I found the first sentence of your letter rather intriguing. "Do other mothers do this & are other fathers dealing with this situation?" The implication here is that it is a gender related thing and I wonder why you might think it as such. Don't some fathers use sarcastic tones and facetious statements too?  Is this a gender issue or is it perhaps a power and control issue. My instinct tells me that you and your wife have some power and control issues that may be manifesting themselves in the raising of your children. 
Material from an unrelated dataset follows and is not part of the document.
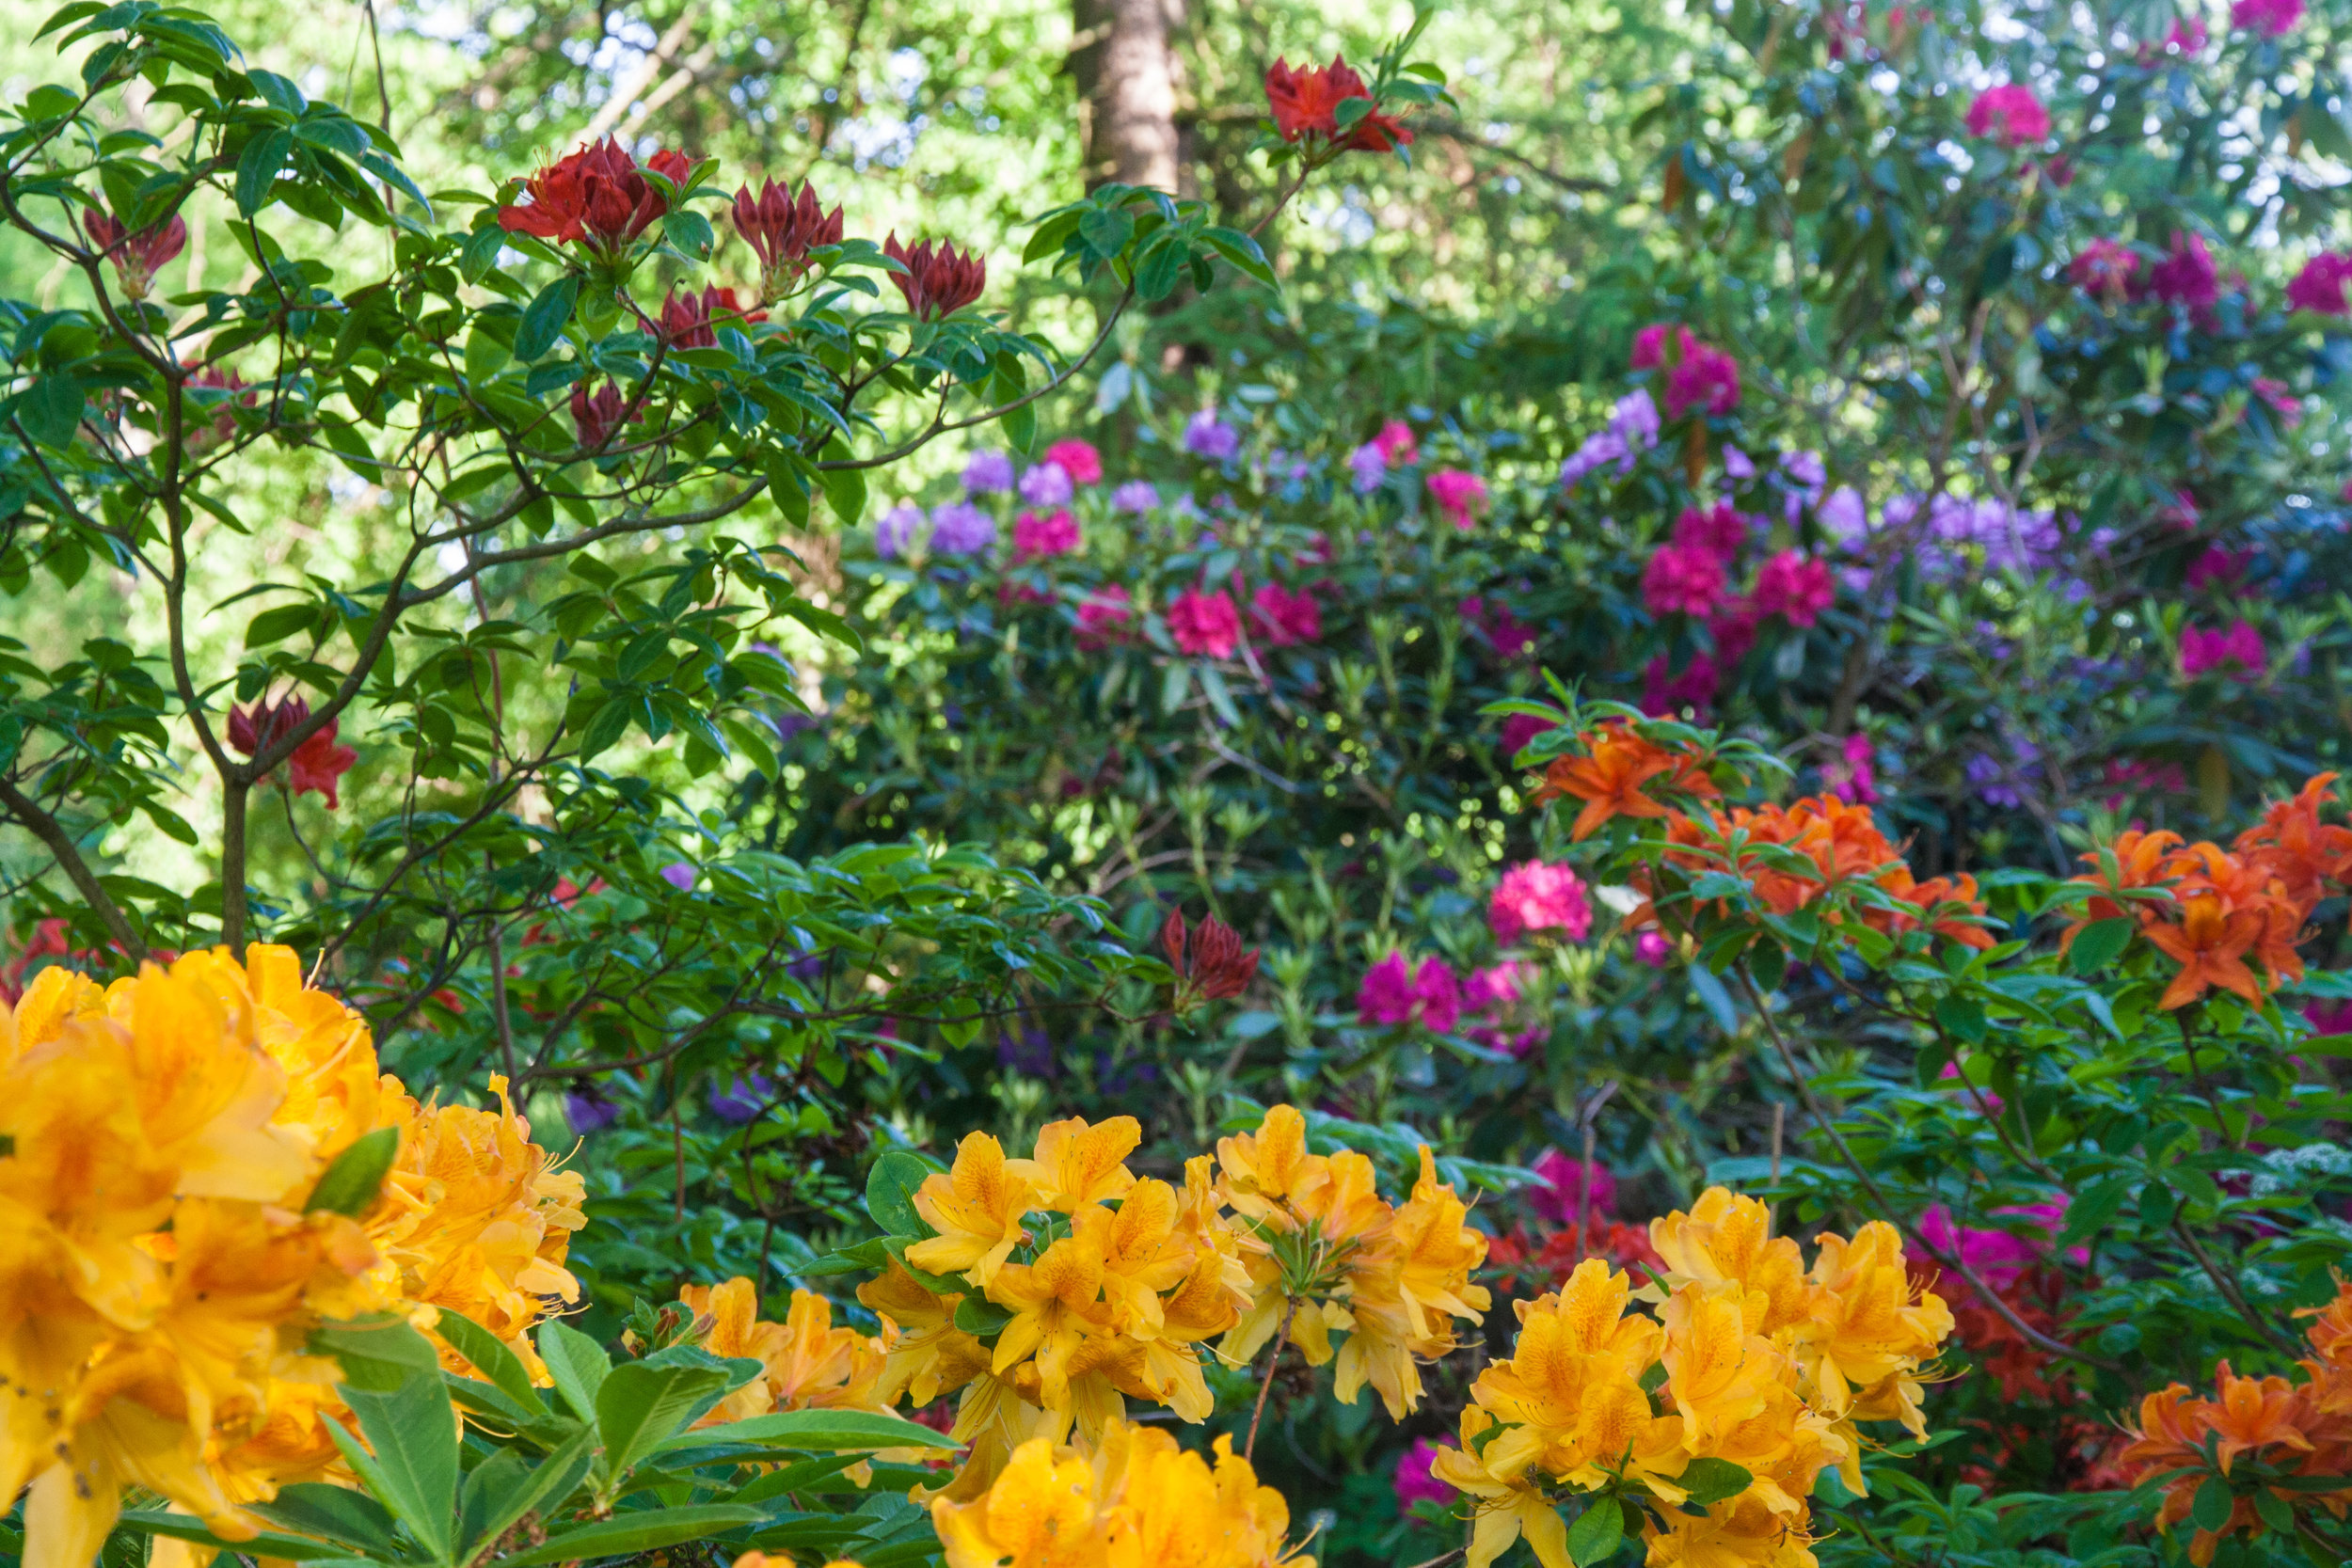 Azalea-rhododendron-Bosjokloster.jpg

If this is the case, perhaps you need marital counseling. If either you or your wife are doing things that have had harmful effects to your daughters, marriage counseling can make the transition to family counseling. One thing for sure; when it comes to raising kids, mothers and fathers need to be on the same page. A lot is at stake RR and I would make sure that you and your wife can both do good and consistent parenting.

happy(andinconsistentlyconstistent)shrink

 

Dear Happy,

Edna's got this wild idea about selling duct tape and making a fortune. I think you better talk to her. She's quit her job and here is the ad she took out in the Circle K weekly newspaper"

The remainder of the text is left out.